Depreciation to trusts

This query is : Resolved 

01 May 2014 Is depreciation allowable as application of income to trusts?

01 May 2014 U/s. 11 of the Income Tax Act, 1961,
a charitable or religious trust, subject
to certain conditions, is entitled to
exemption in respect of income from
property held under trust for
charitable or religious purposes, to
the extent that such income is applied
for charitable or religious purposes, or
accumulated for charitable or religious
purposes.
The CBDT has clarified vide its
circular number 5 – P(LXX-6) dated
19th June 1968 that for the purposes
of such exemption u/s. 11, the
income of a trust is to be taken in the
commercial sense, and not as
computed under the provisions of the
Income Tax Act. In other words, the
income, that is eligible for exemption,
is the one that has been determined
as per the books of account. This
position clarified by the CBDT is also
confirmed by the decisions of the
various high courts .
Taking this into account, various high
courts have also held that that
depreciation had necessarily to be
deducted in computing the
commercial income, as depreciation
was a necessary accounting
adjustment to income. Further,
various courts, including the Supreme
Court in the case of M. Ct. M.
Tiruppani Trust vs. CIT 230 ITR 636,
have held that all capital expenditure
laid out in furtherance of the objects
and purposes of the trust would be
treated as an application of the
income.

01 May 2014 The question that has arisen before
the courts as to whether, when a
trust has claimed the capital
expenditure on acquisition of an asset
as an application of income for the
purposes of claiming exemption u/s.
11, whether depreciation on such
asset was also allowable as a
deduction in computing the income of
the trust.

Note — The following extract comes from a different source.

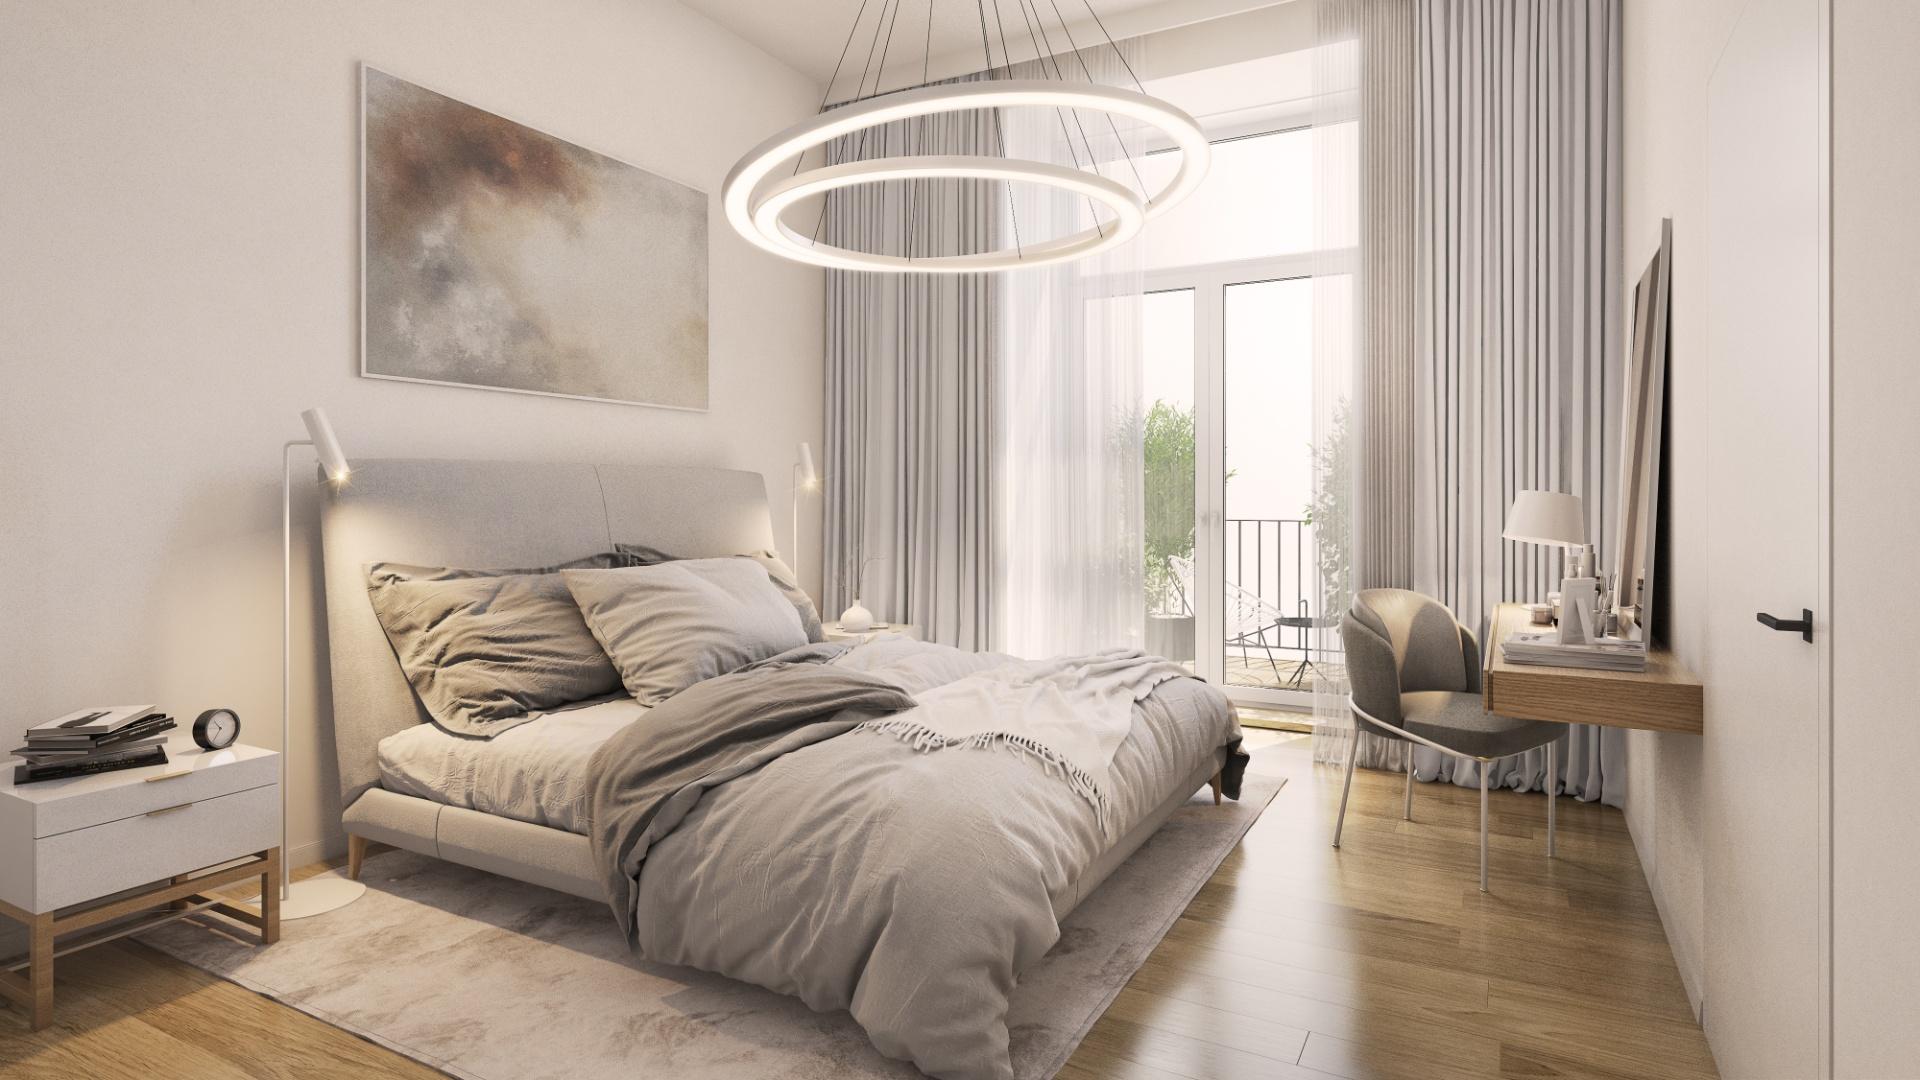 foto byt ložnice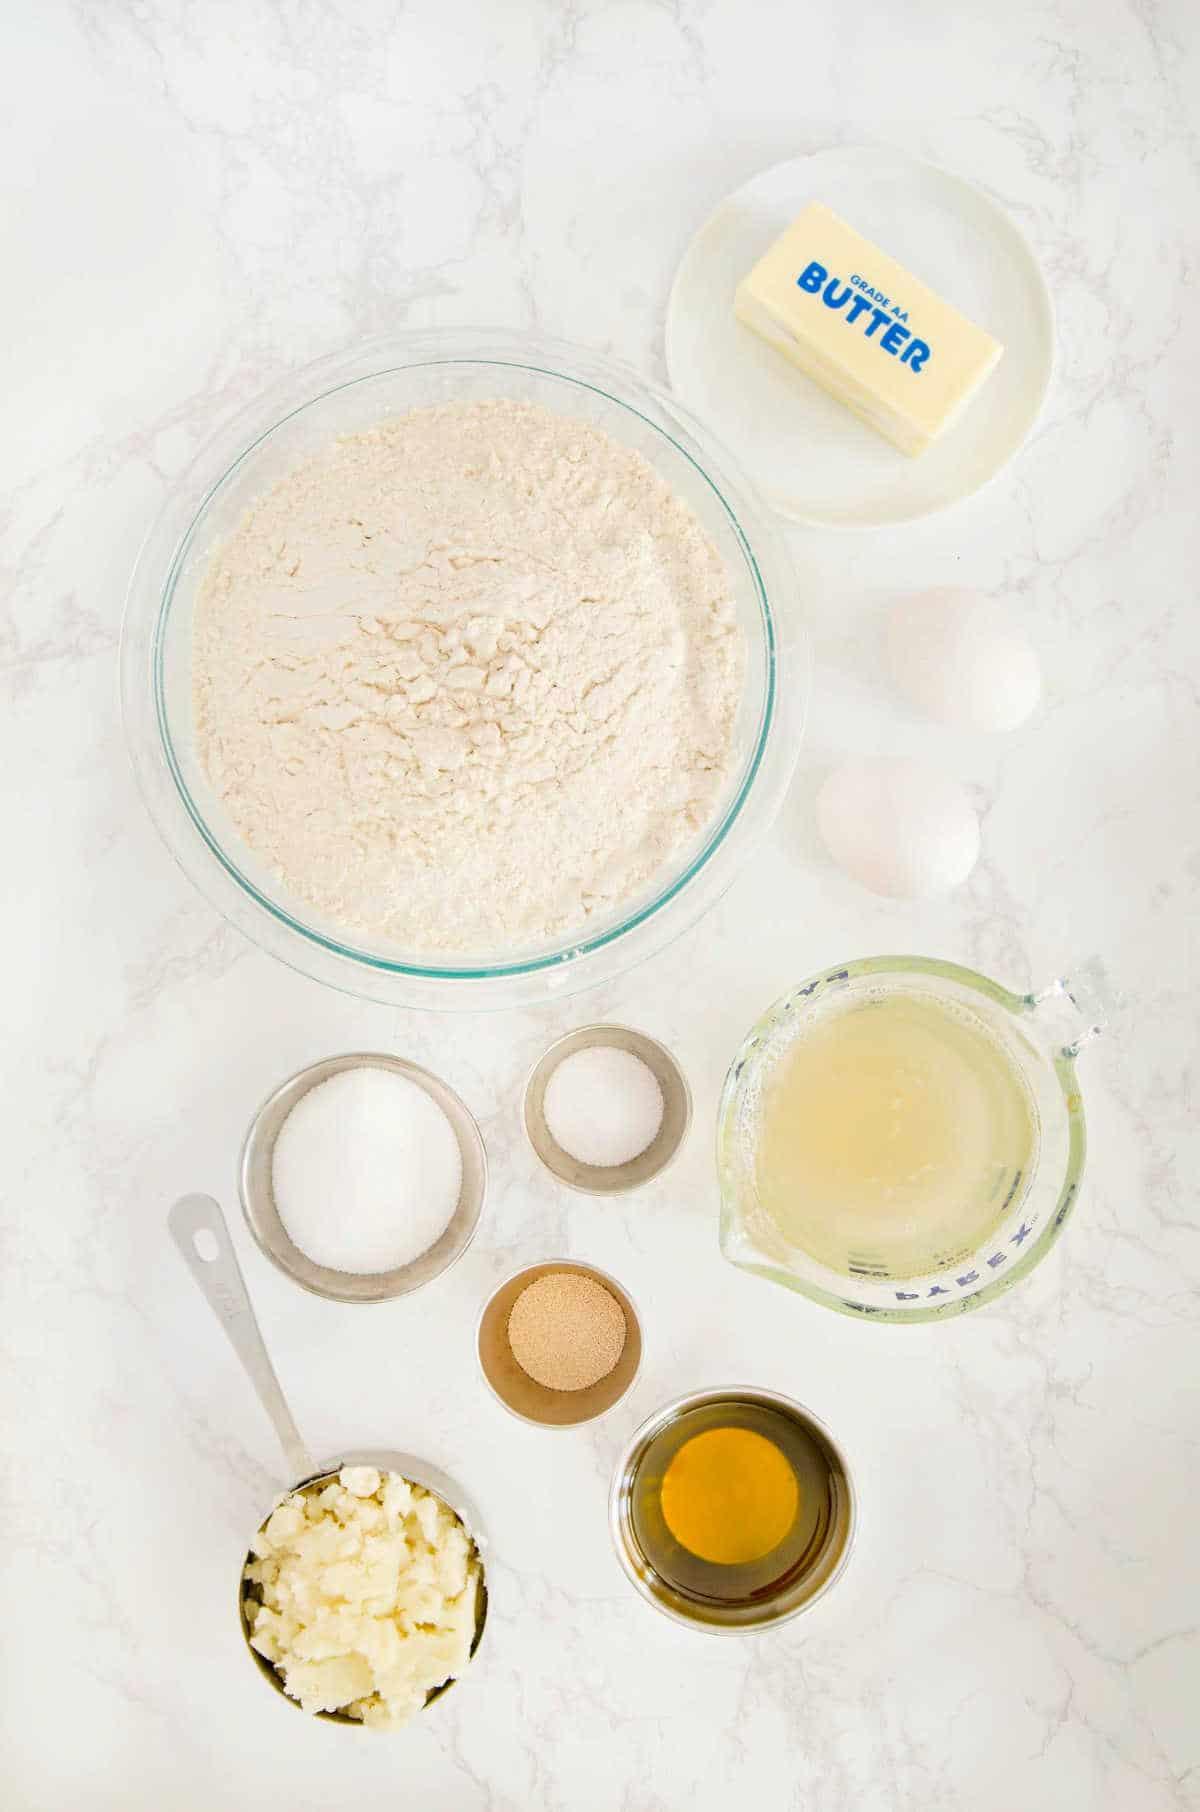 Overhead shot of bowls of ingredients for sandwich bread including flour,, butter, salt, mashed potato, potato water, etc.

While the Bombay,
Punjaband Haryana and Delhi High
Courts have taken the view that
depreciation would be allowable as a
deduction even in such cases where
the capital expenditure had been
allowed as an application of income
for charitable purposes, the Kerala
High Court has taken a contrary view,
holding that such depreciation should
be added back to the income of the
trust as disclosed in its books of
account.


01 May 2014 Gujarat High court has also allowed depreciation as a deduction under section 11(1)(a).
Citation:- CIT V Sheth Manilal Ranchhoddas Vishram Bhavan Trust (1992) 198 ITR 598.